Em novembro, o primeiro julgamento (de uma denúncia apresentada por
três entregadores da Deliveroo) deveria ter sido realizado na Espanha,
mas o caso foi encerrado com um acordo financeiro. No Reino Unido, os
juízes se inclinaram a definir os motoristas de Uber como trabalhadores
não autônomos. No entanto, dois pronunciamentos no Reino Unido e na
França afirmam que os riders da Deliveroo são freelancers. As
empresas alegam que esses autônomos têm liberdade para trabalhar com
qualquer um e que, em sua maioria, eles preferem esse tipo de
flexibilidade. Qual é o papel do consumidor em tudo isso? “No final, somos todos
Uber. Todos nós consumimos plataformas. Se recorremos a produtos low
cost, contribuímos de alguma maneira para que se imponha uma política de
redução de custos que pode resultar que as empresas ofereçam um
trabalho mais low cost”, destaca Luz Rodríguez, professora de direito do
trabalho da Universidade de Castilla-La Mancha. “Será preciso tender a
um sistema em que os direitos sejam iguais, independentemente do status
jurídico, se o trabalhador for fixo, temporário ou autônomo”, diz
Rodríguez desde Genebra, onde pesquisa, em colaboração com a Organização
Internacional do Trabalho, o futuro do mercado de trabalho.
O consumo ‘low cost’ pode alimentar indiretamente o trabalho ‘low cost’, adverte a professora Luz Rodríguez
A economia de plataforma talvez represente uma porcentagem modesta de
trabalhadores, mas o emprego “sob demanda” está crescendo. O McKinsey
Global Institute realizou uma pesquisa em 2016 com 8.000 pessoas nos
Estados Unidos e na Europa e concluiu que entre 20% e 30% da população
ativa participa de algum tipo de trabalho autônomo. “Temos que perguntar que tipo de proteção social queremos”, diz
Rodríguez, que adverte que o fosso entre trabalhadores com emprego fixo e
trabalhadores temporários está aumentando. A mudança na forma de trabalhar é enorme e acelerada.

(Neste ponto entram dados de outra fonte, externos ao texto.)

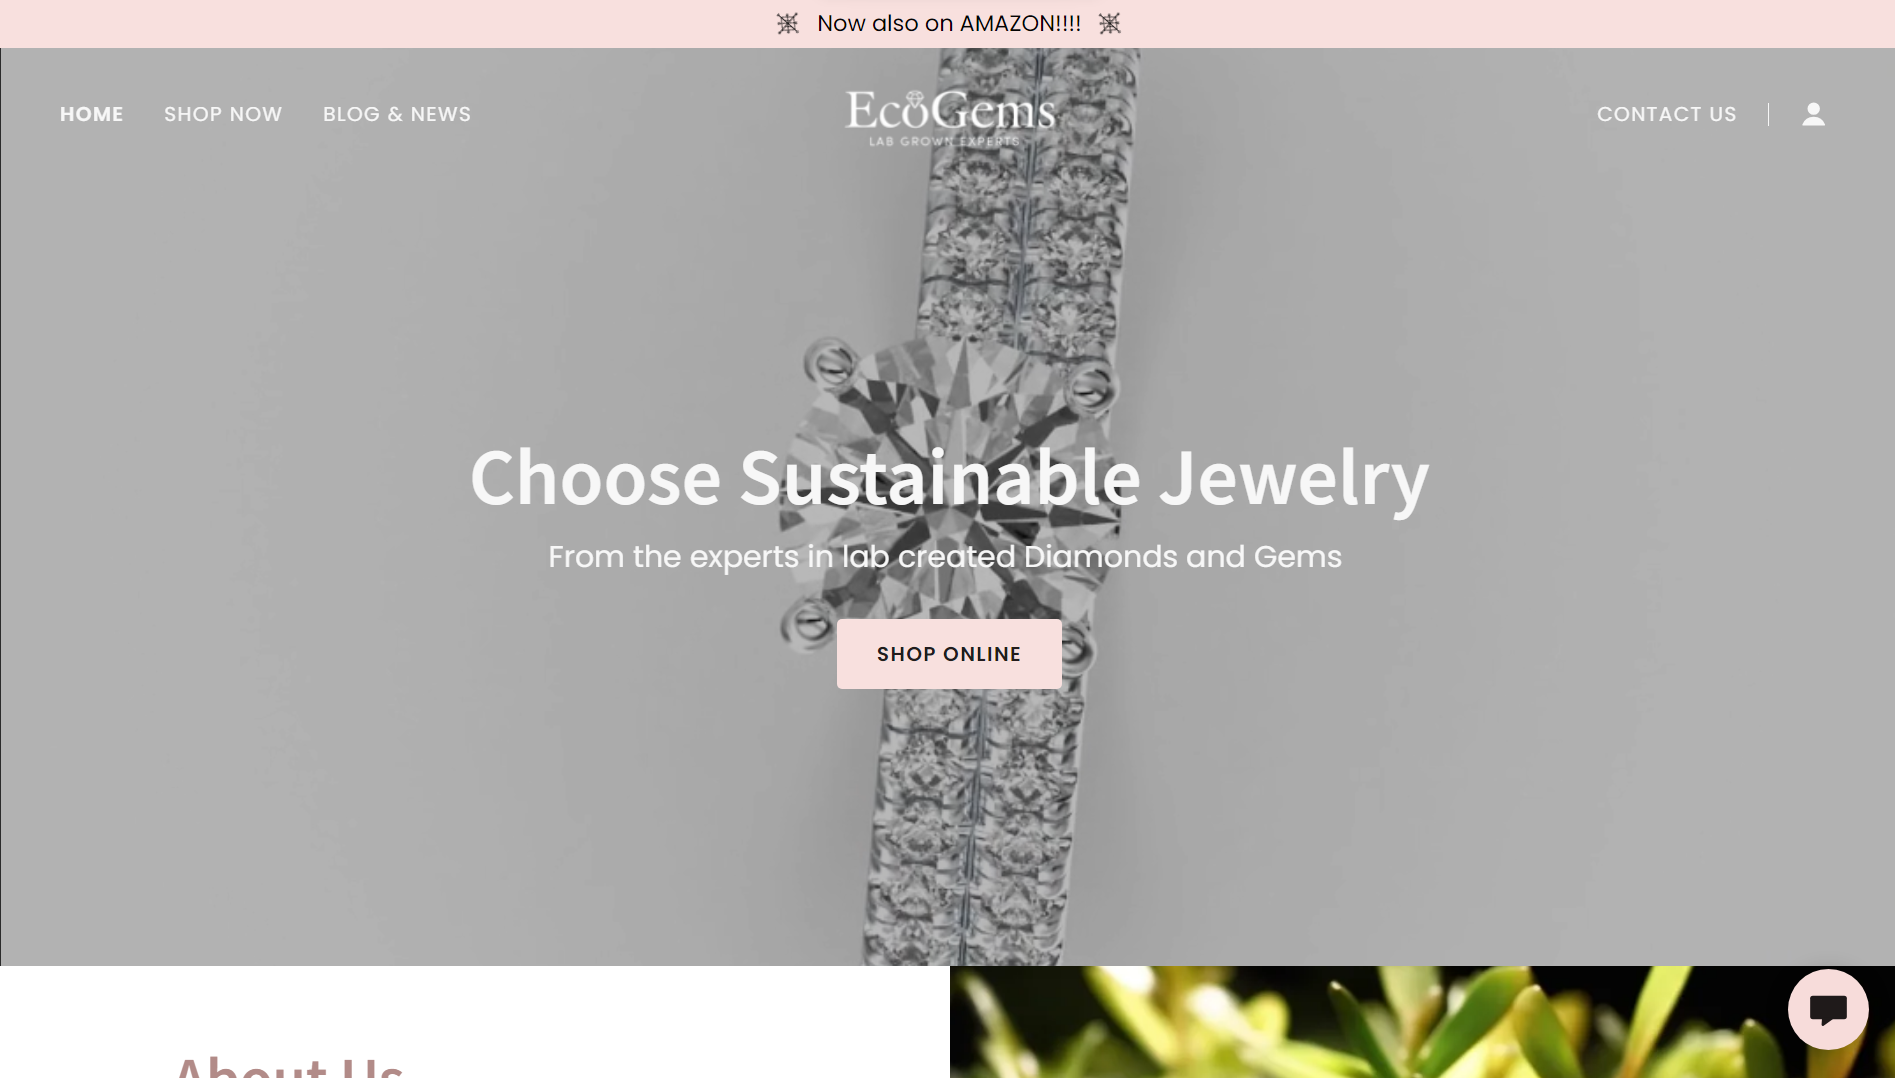 EcoGems Jewelry Website

O modelo de
estudar até os 20 anos e depois aspirar a um contrato estável em tempo
integral está em dúvida, de acordo com Albert Cañigueral, membro do
OuiShare, um think tank colaborativo. “Há questões pertinentes, como o
fator ético do trabalho, de como as mudanças afetam a proteção social.
Essa tendência vai se intensificar. Não será uma questão de assalariados
versus empregados independentes, mas de como estabilizar essas mudanças
diante do risco de precariedade”, aponta. O auge das plataformas coincide com a precarização do mercado de
trabalho, com salários estagnados e grande número de contratos
temporários. “A regulamentação ficou antiquada. O que se deve pedir é um
controle mais geral no trabalho do futuro para evitar situações de
exploração”, diz a filósofa Victoria Camps. “Também devemos ter em mente
que não se pode desmontar completamente serviços que são ótimos para o
consumidor; além disso, por trás de algumas iniciativas de economia
colaborativa existe um objetivo positivo, que é otimizar os recursos,
como alguém que compartilha um carro”, acrescenta. O que se deve pedir,
segundo ela, são “mais controles”. Surgem também iniciativas que visam oferecer alternativas aos grandes
atores. Entregadores da Deliveroo e da Glovo se rebelaram e criaram
seus próprios serviços, sob a forma de cooperativa, com suas próprias
condições de trabalho. A questão é se é possível competir com
multinacionais que atraem milhões de fundos de capital de risco que
sentem especial predileção por tudo o que seja “disruptivo”. “Considero
mais positivo construir estruturas alternativas que facilitem escolhas
éticas do que culpar o usuário. Porque, às vezes, o consumo ético só
está ao alcance de um determinado poder aquisitivo”, diz Srnicek. De volta ao sofá, nessa noite fia de inverno frio, ao receber comida,
o cliente poderia perguntar sobre as condições de trabalho do
entregador. Mas, por enquanto, ele escolhe celebrar o conforto 4.0,
avalia o serviço e compartilha uma foto do jantar nas redes sociais.